The first time they look at their phone, I will remind them.

The next time, I simply end the date.

 

The way I see it, if I am giving you my complete attention on a date, ESPECIALLY if I am paying for the date, the least you can do is pay attention to me.

 

The really hot girl that worked at the gym I went to? I took her phone away from her at a wedding we went to. Might have pissed her off, but so what.

 

You're either WITH me or you're chatting with your friends (or some other guy). If your friends are that important, go hang out with them and don't waste my time.

Posted
In general.. i didn't have an issue with him answering..

 

He had told me a while ago that his GMA was ill.. with cancer..

 

She did end up dying that night, satuday, when we were out.. wow...

 

As much as that sucks....(And I am sorry for his loss).

 

1. He can't do anything about her health.

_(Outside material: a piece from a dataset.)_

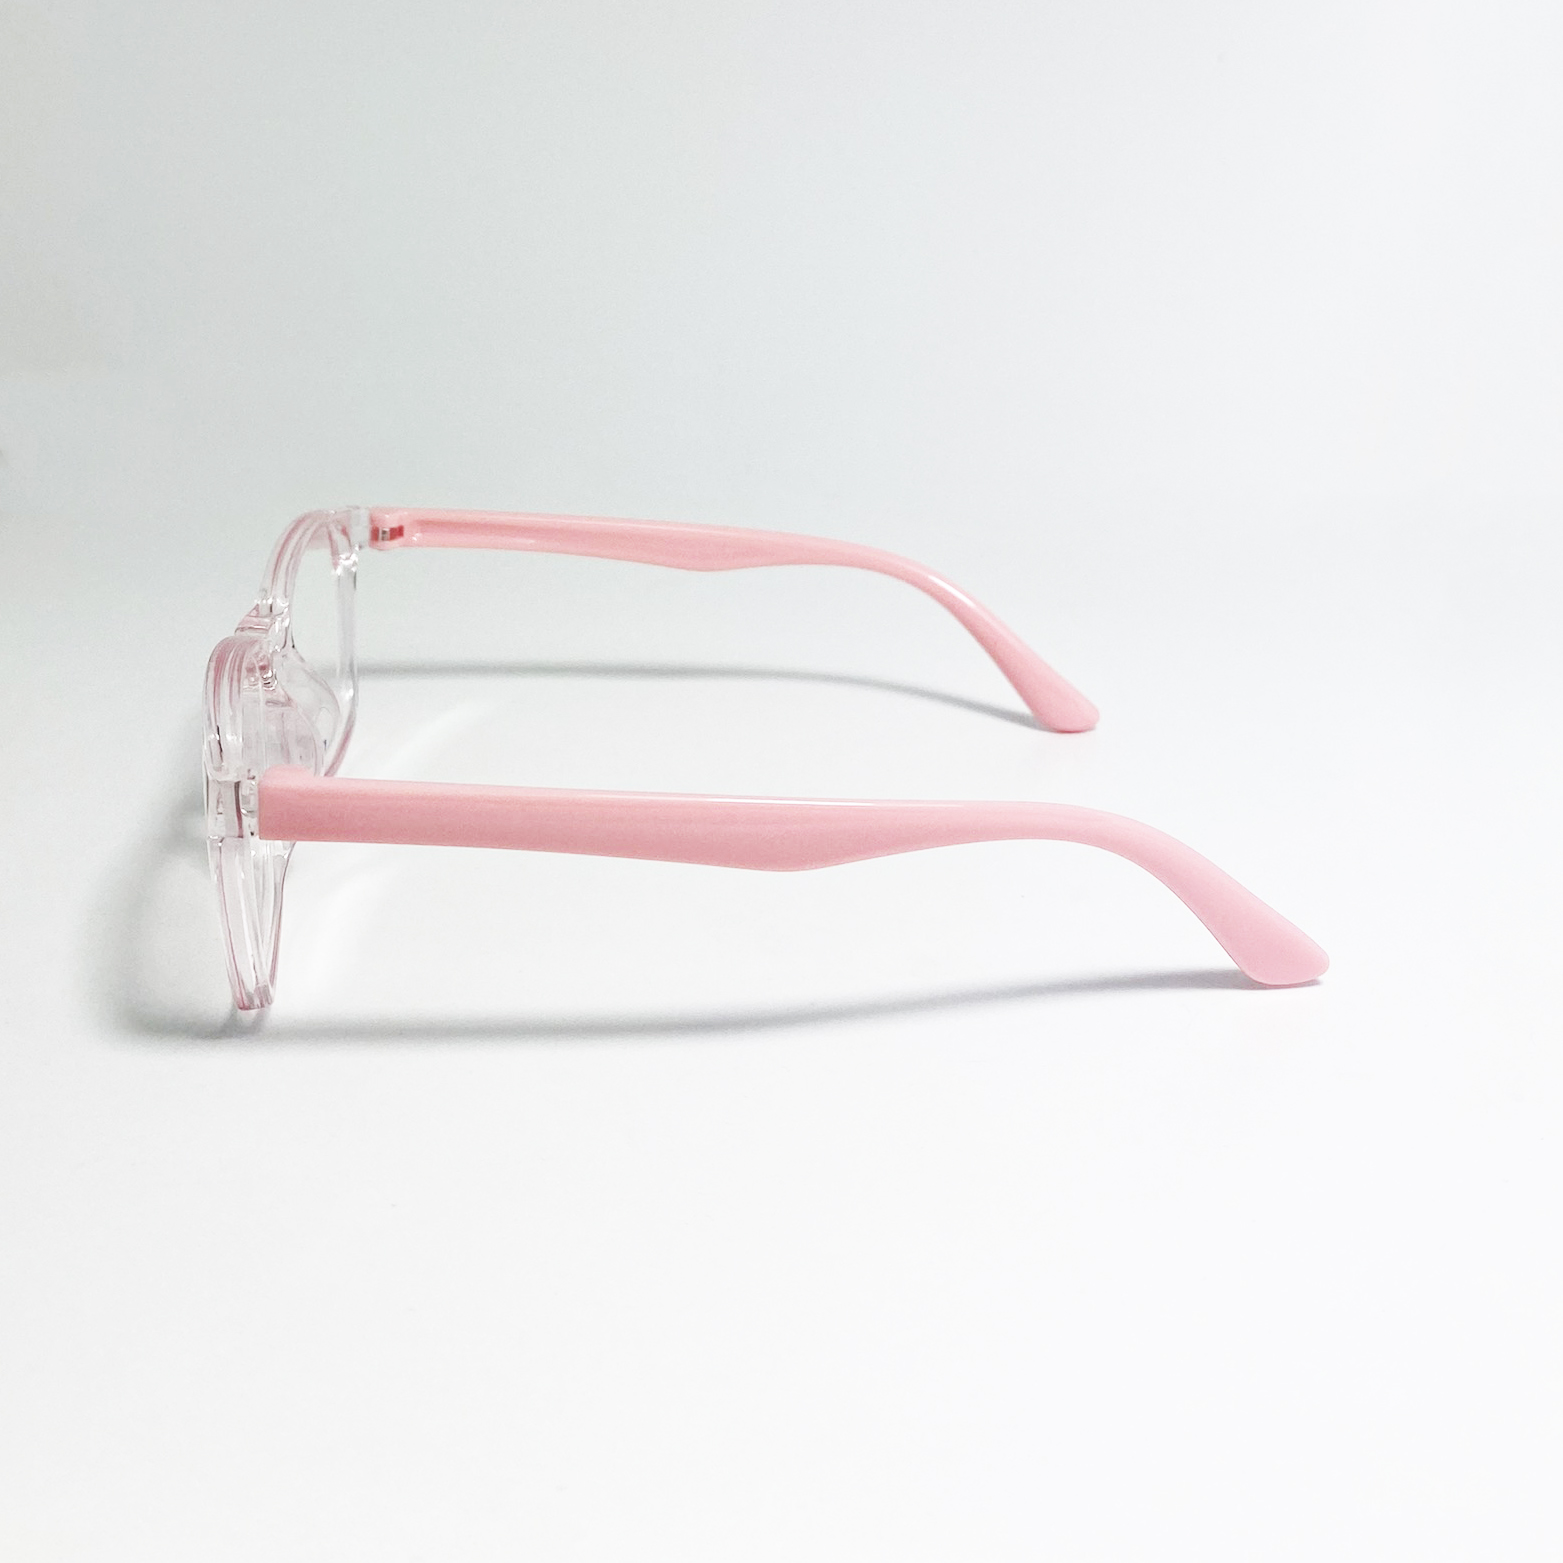 Mắt kính giả cận trẻ em Jun Secret gọng nhựa dẻo, kiểu kính giả cận, tròng hình chữ nhật đơn giản dễ thương dành cho bé trai, bé gái JS0034

2. He doesn't need to hear about it until AFTER the date.

 

I mean, I don't mean to sound insensitive here but really, why answer calls on a date over things you have no control over?!

Posted

It's a pet peeve of mine when guys text/talk on the phone while on a date. Before I met my fiance I went on a date with a guy and all he did the whole night was text. I tried to engage him in conversation to draw his attention away from his phone but he just wouldn't stop. He then tried to kiss me at the end of the date and I was thinking "What if someone texts you while we are kissing?" (I should have said that!)

 

I try not to text/talk on the phone if I am on a date with my fiance. I think it's especially rude when you are just first dating someone.